◆ **SUPPLIED DATA**

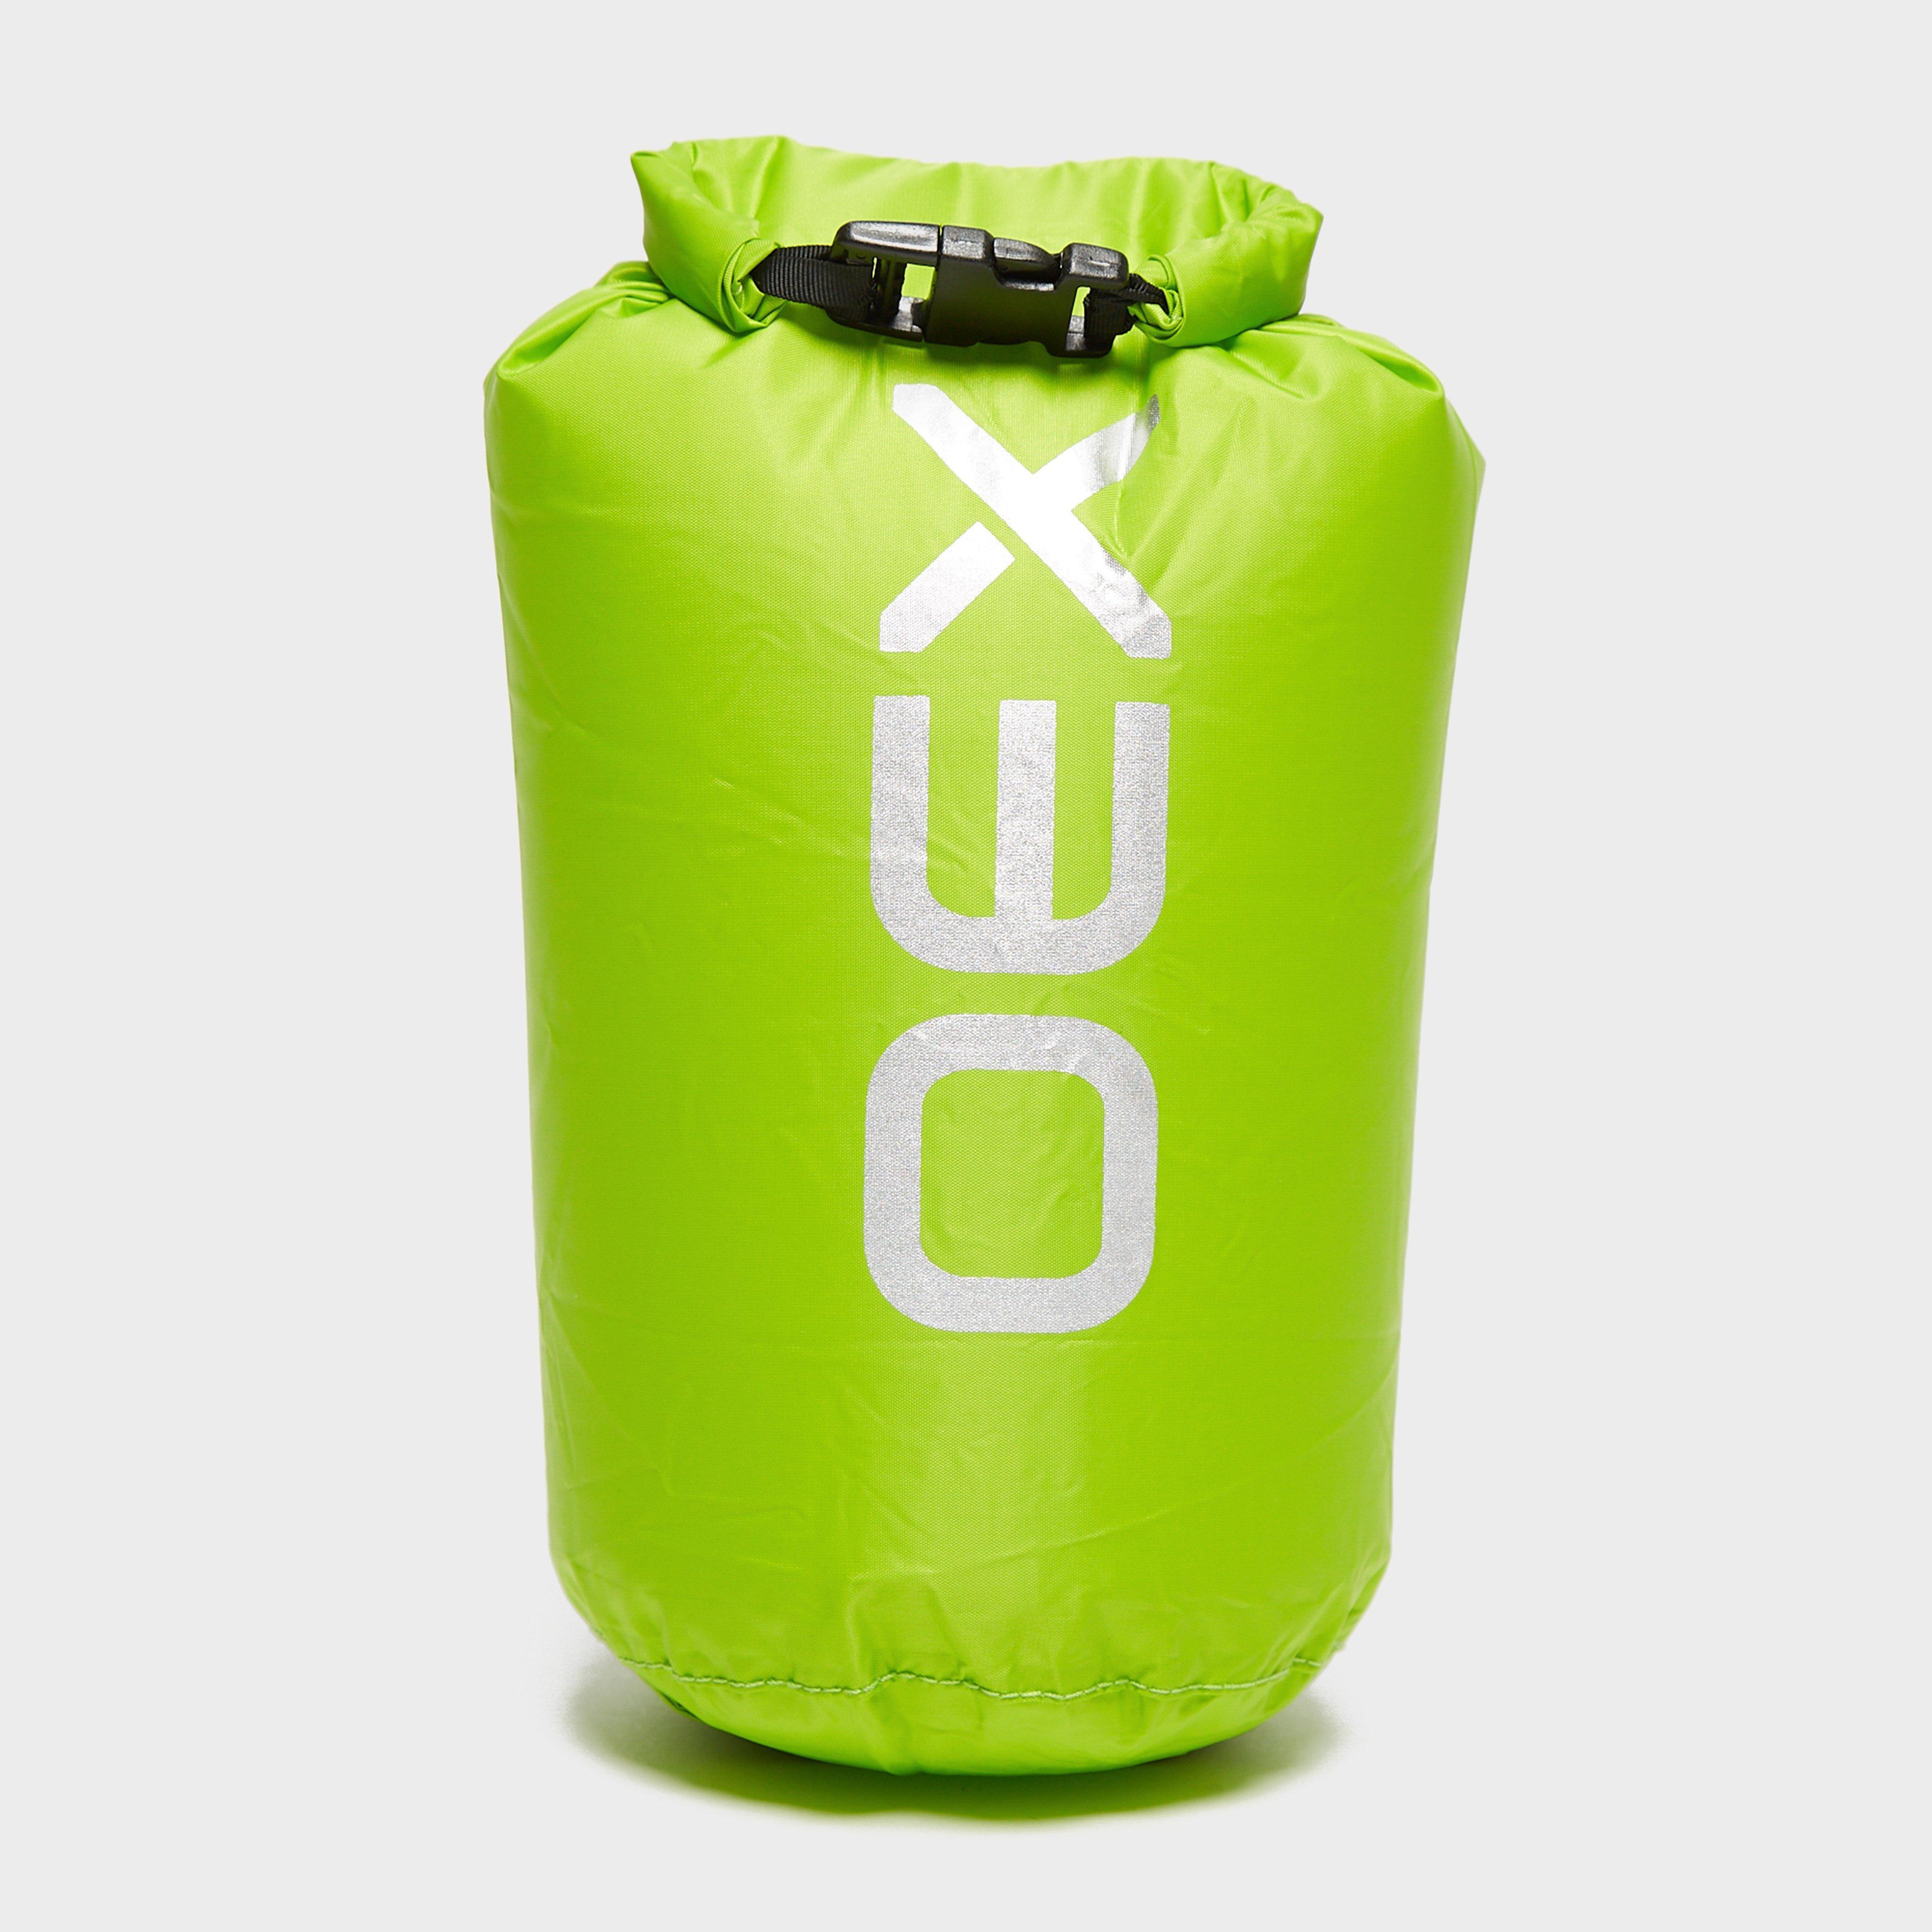 Oex Oex Drysac 2, Lime
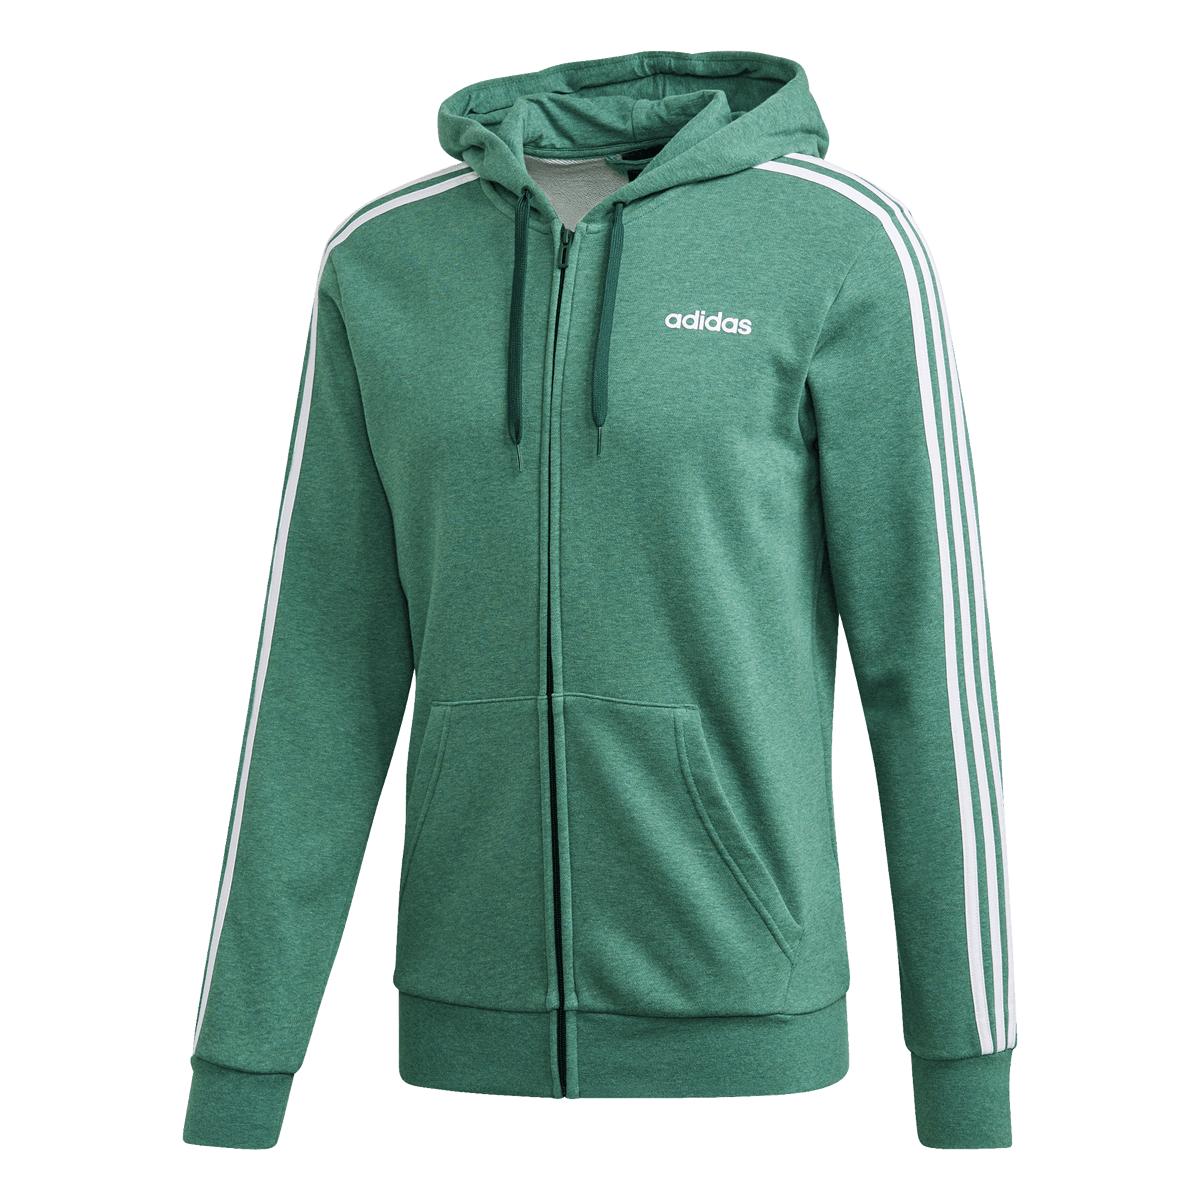 adidas Essentials 3S FZ Kapuzenjacke in grün / weiß (Gr. S - XXL)
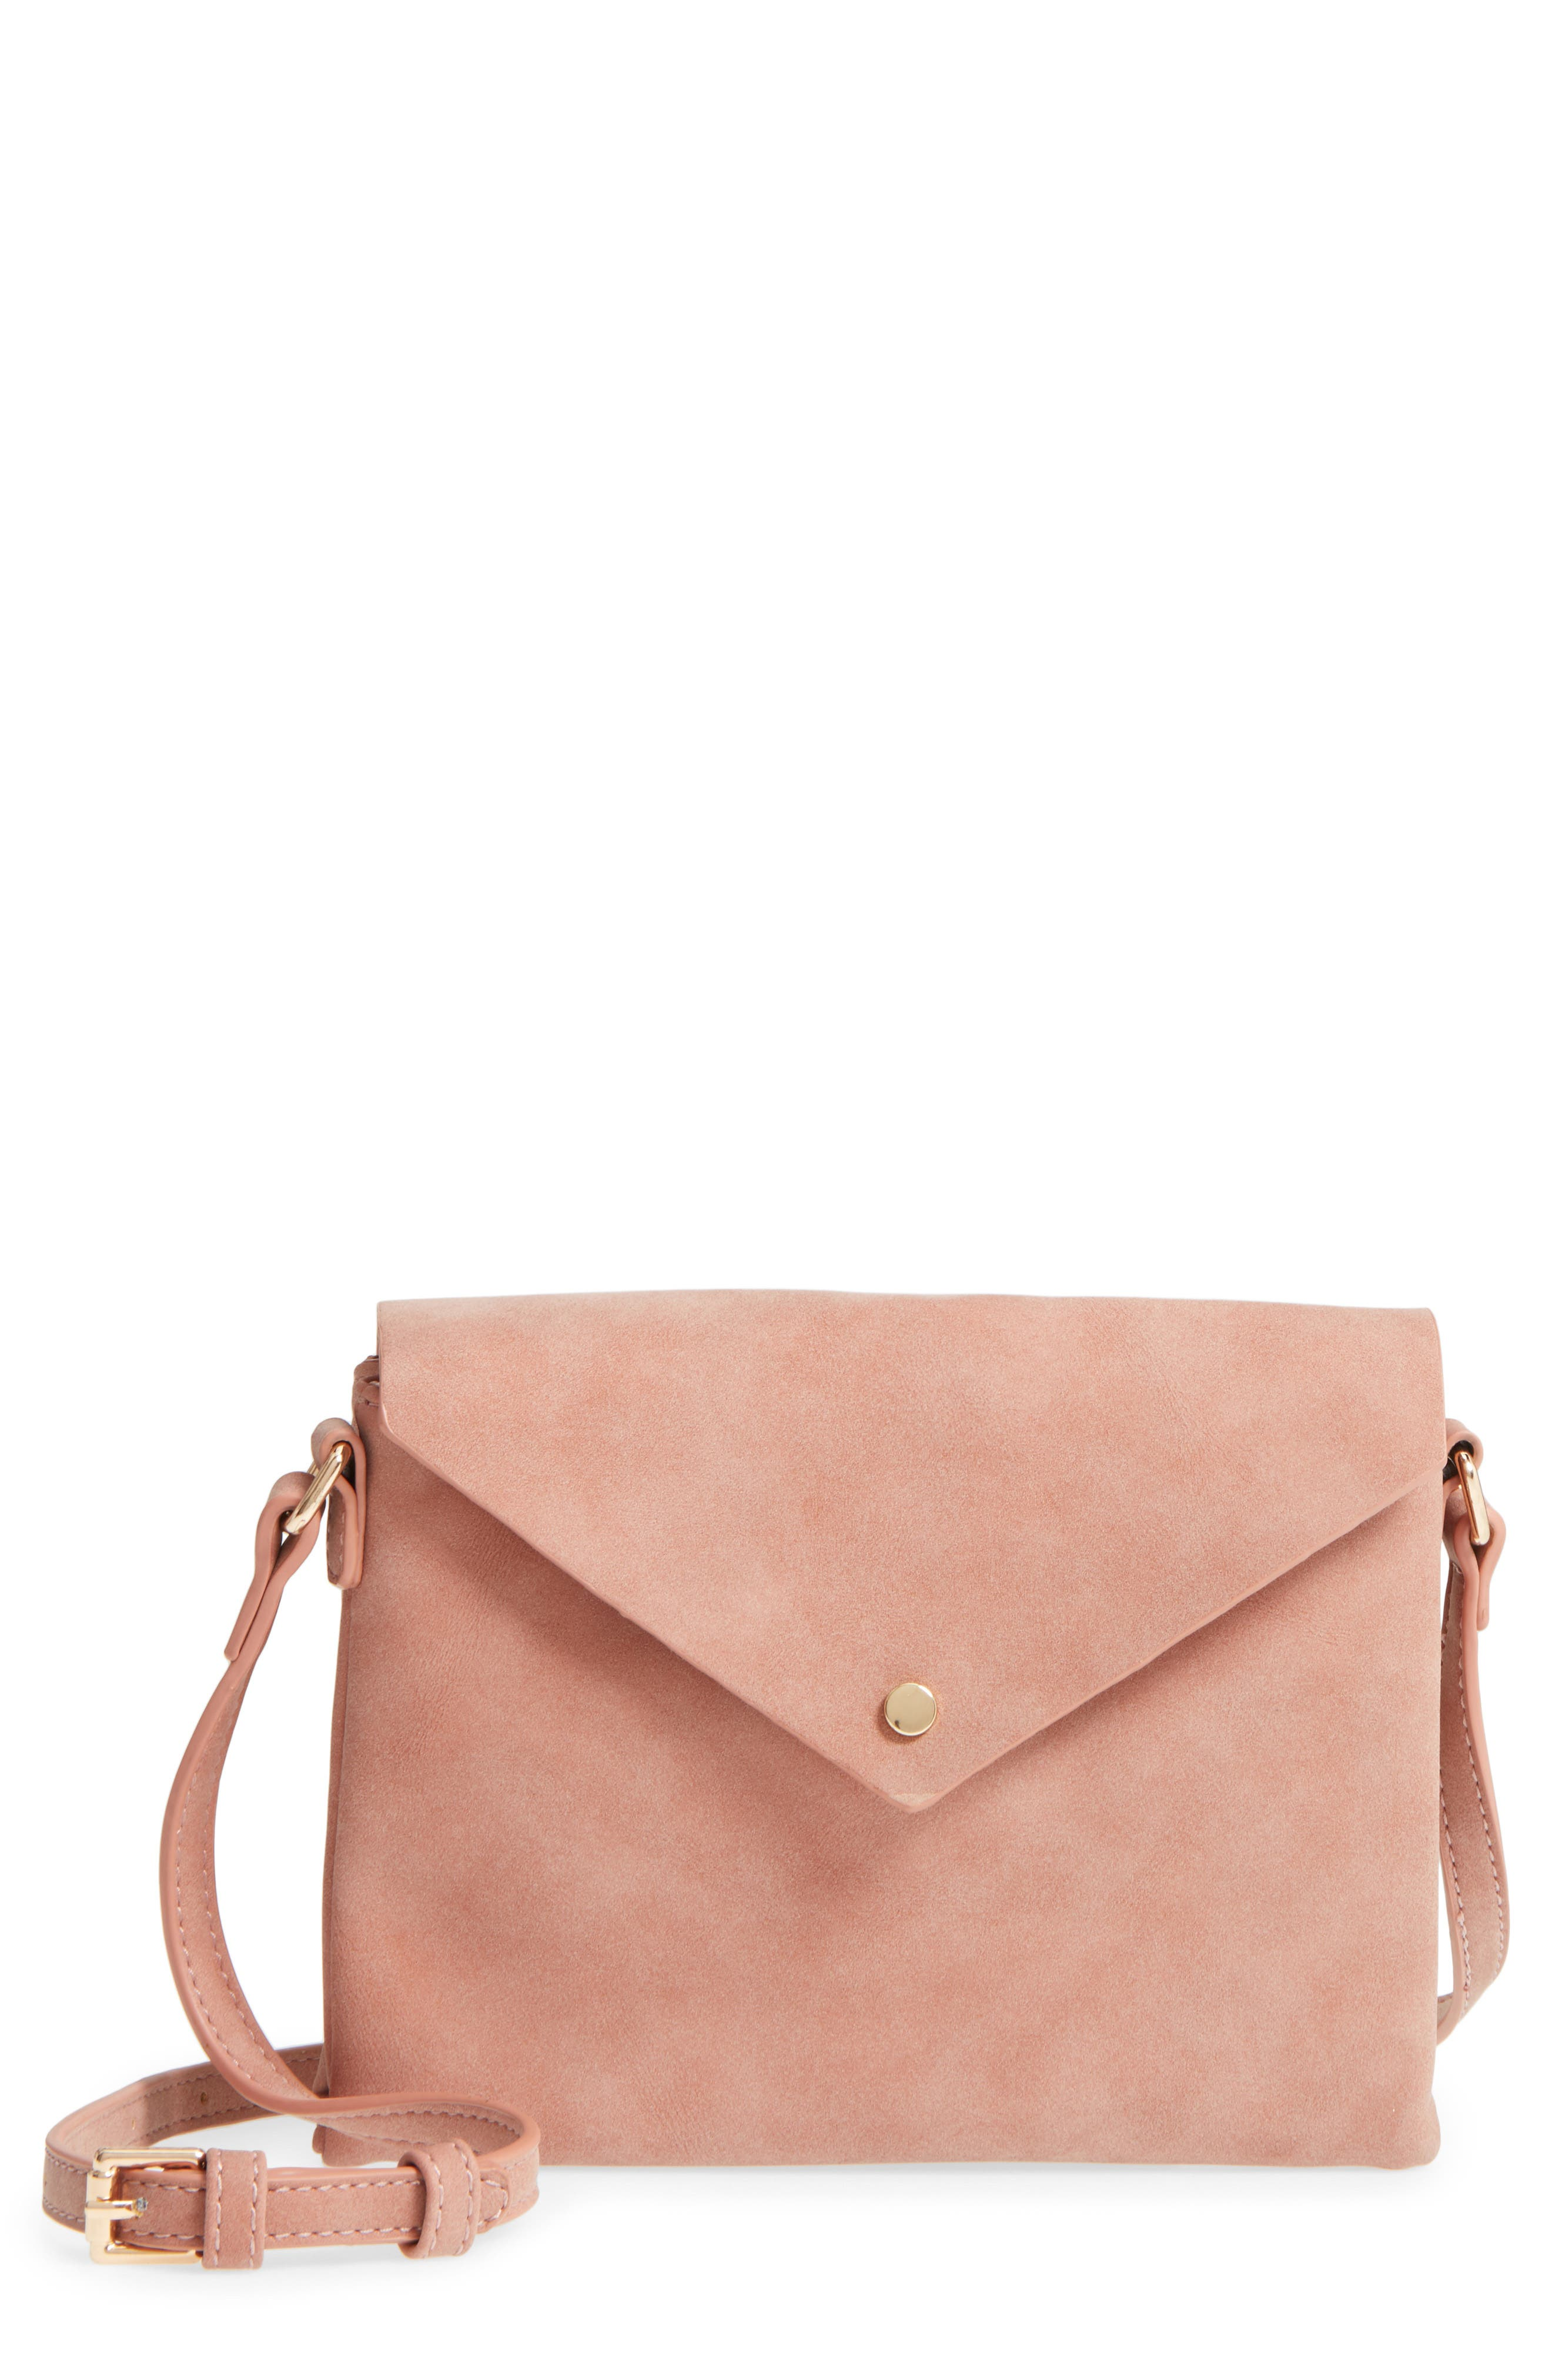 Main Image - Street Level Envelope Crossbody Bag

◆ **ACTIVITY**
Exclude all pictures and reproduce verbatim the lines running from the line that contains "adidas Essentials 3S" to the end of the data above, both ends included.

◆ **SOLUTION FOR THIS PROBLEM**
 adidas Essentials 3S FZ Kapuzenjacke in grün / weiß (Gr. S - XXL)
 Main Image - Street Level Envelope Crossbody Bag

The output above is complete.